裴珩坐在榻边,看著沈昭写的弹药保存手册。
“条理分明,思虑周详。我的娘子就是聪慧。”裴珩笑著说,低头在沈昭额头亲了一记。
沈昭被夸得美滋滋,做这些的时候,虽然很累,但她真的很开心,也很有成就感。
“这几日,怎么不见翠姨娘?”沈昭问著。
翠姨娘不是普通姨娘,不用向主母早晚问安。但前后宅子住著,数日不见一面,就挺奇怪的。
裴珩轻描淡写道:“她啊,在文渊阁呢。”
老爷新婚,再忙也要陪妻子。
翠姨娘作为文书,自然要分担更多工作。
工作量那么大,肯定得加班。
“噢……”
沈昭只是好奇翠姨娘的去处,既已知晓,也不再问。
“今天上午,听了不少镇国公府的是非。”沈昭说道。
裴珩笑著看她一眼,知道她要说什么,笑著道:“就是你想的那样,我做的。镇国公府既然敢对你动手,我自然不会轻饶了他们。”
製造谣言,疯马衝撞。
镇国公府敢如此行事,我自该有所回报。
沈昭心尖驀地一暖,却又为裴珩担忧,道:“镇国公府树大根深,盘根错节。我担心他们狗急跳墙,万事还需小心为上。”

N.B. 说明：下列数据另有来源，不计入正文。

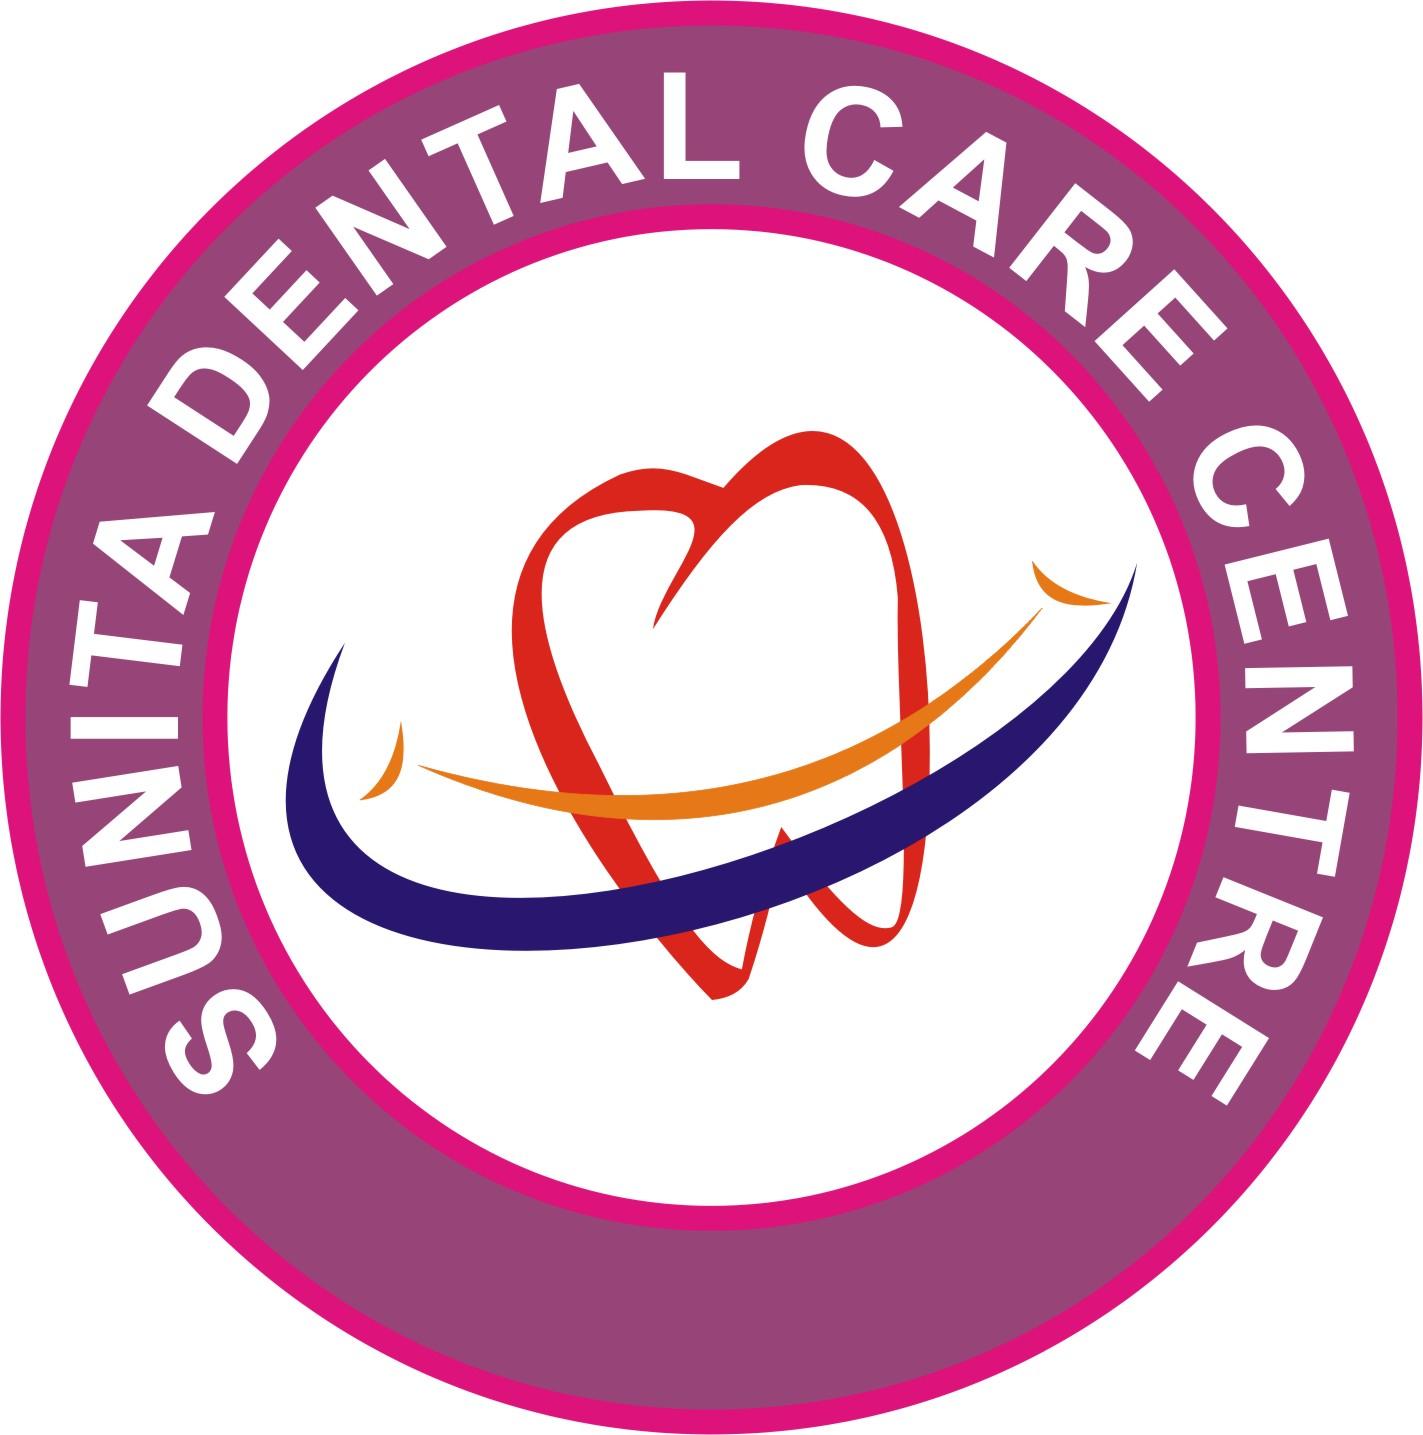 Sunita Dental Care Center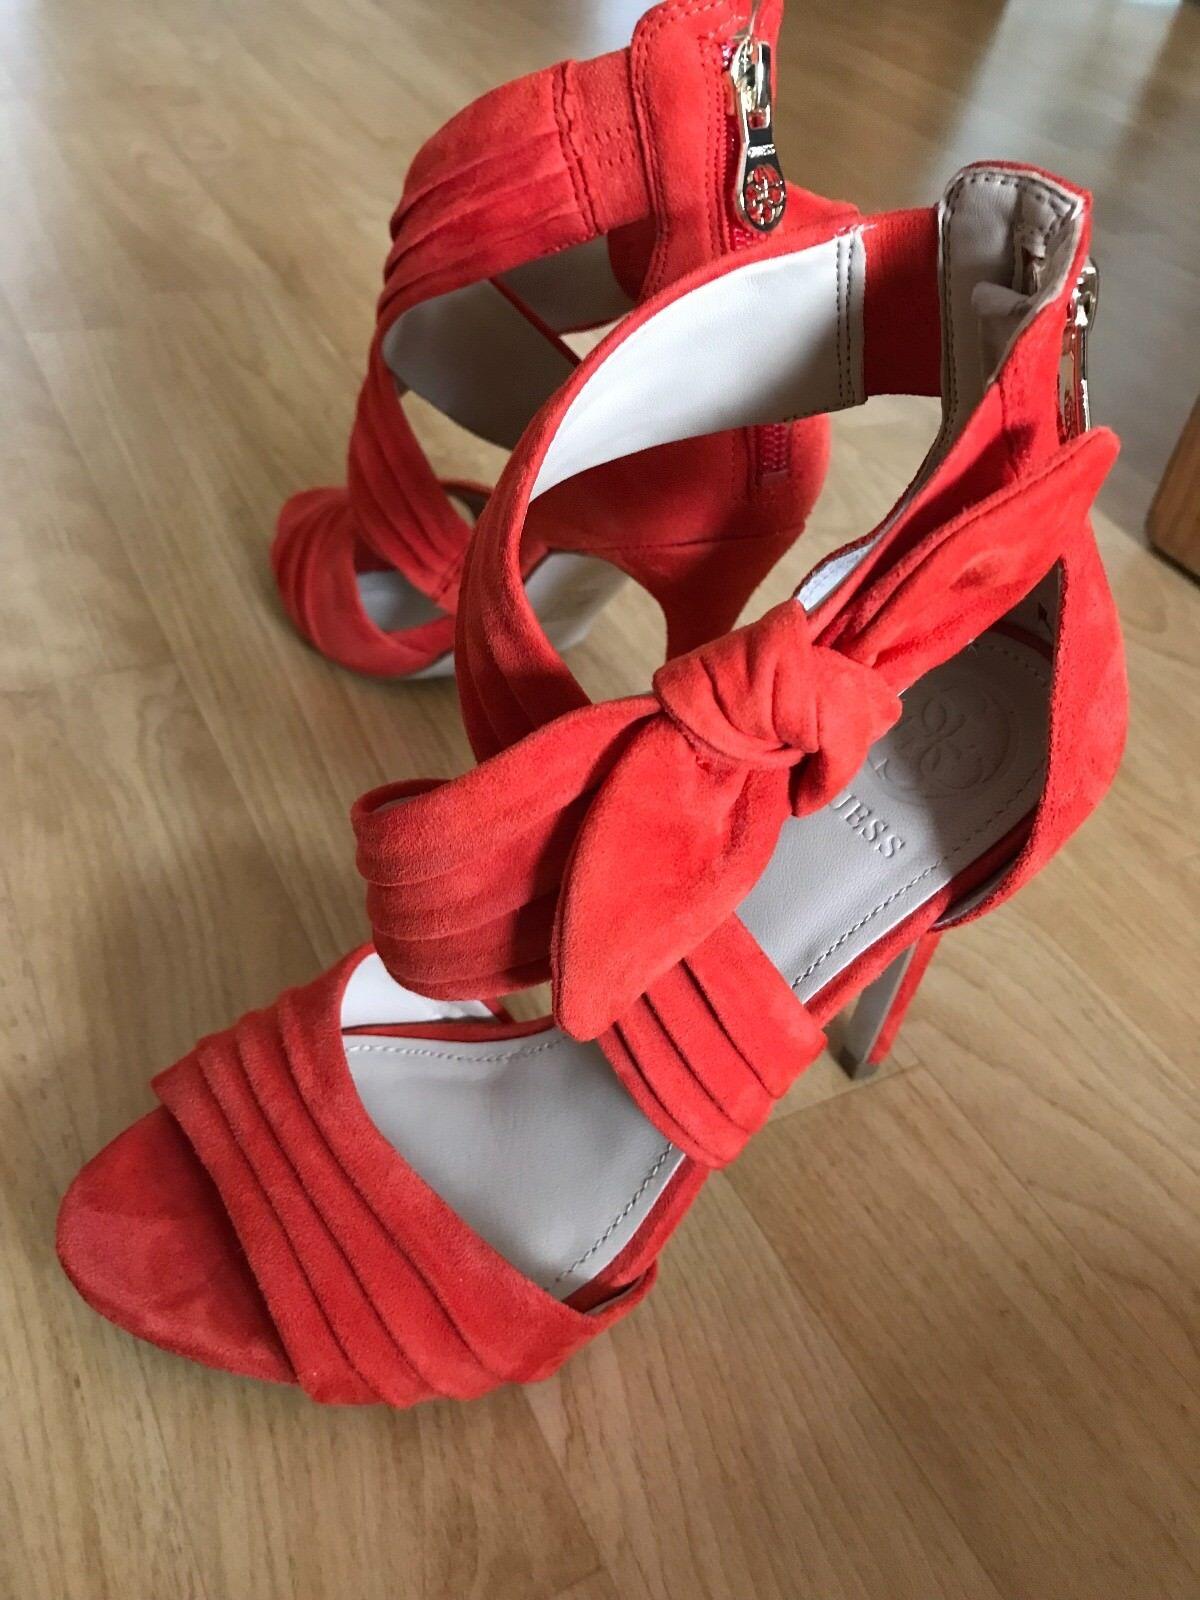 GUESS High Heels Pumps Sandalen, Größe: 36 Echt Leder, Rot, Modell 20

“放心,我自有分寸。”裴珩握住沈昭的手,感慨道:“此番能如此顺利,还多亏了王姨娘。”
“啊?”
沈昭愣了一下,她虽然知道王姨娘的境遇,却没想到这件事里会有她。
裴珩把声音压低了,道:“若不是她配药,事情不会如此顺利。”
镇国公夫人的起居饮食,生活习惯,连宴席上下药这件事,买通她身边的丫头婆子即可。
唯独这剂能对镇国公夫人有效果的药剂,最难配出来。
是王姨娘主动提出,她能配药。
王姨娘在镇国公府的时间不短,对镇国公夫妻俩人恨不得剥皮抽筋。
只是一个弱女子,在经歷种种变故后,能求到安身立命之所,已是万幸。
报仇之事,自知身份,从来不敢有妄想。
终於,裴珩要对镇国公府动手了。
王姨娘岂能放过这个机会,把自己所知的一切悉数告知,恨不得亲自动手,捅死镇国公。
王姨娘虽然读书不多,其政治敏感性是非常高的。
在韩玦府上,作为炉鼎就能通过只言片语,拿到最关键的信息,帮到裴珩。
在镇国公府这些年,也听说许多事情,抽丝剥茧能挖出不少隱秘。
“那般境地里,她能活下来,也是不容易。”裴珩声音低沉,语气中带著感慨。
沈昭听得心潮翻涌,握住裴珩的手道:“等此事尘埃落定,定要將她从周大人府上接回来。
原本安置她的那处小院,不太合时宜。你名下的御赐府邸一直空著,不如由她拣选一处喜欢的,收拾出来给她。”
帐本上写的清楚,王姨娘现在住的府邸,是裴珩自己置办的普通宅邸,就是好,也有限。
御赐府邸,不管是地理位置,还是房舍装修,都比普通府邸好得多。
王姨娘半生悽苦,又在扳倒镇国公府之事上立下大功。
这些,都是她应得的。
“嗯,都依你。”
裴珩点头说道,眉眼间的沉重並未散去,似有难言之隱。
“还有什么事?”沈昭关切问道。
裴珩沉默片刻,嘆气道:“王姨娘的身体,因早年服食丹药太多,大夫早有断言,可能活不过三十岁。”
离开韩府后,王姨娘虽然不用再服丹药。但吃过的那些,在体內积攒成毒。
这些年来,王姨娘的精神状况极度不稳定,也是因此。
请过不少名医诊治,说辞基本一致。
丹药对身体和精神的伤害太大,已不可逆。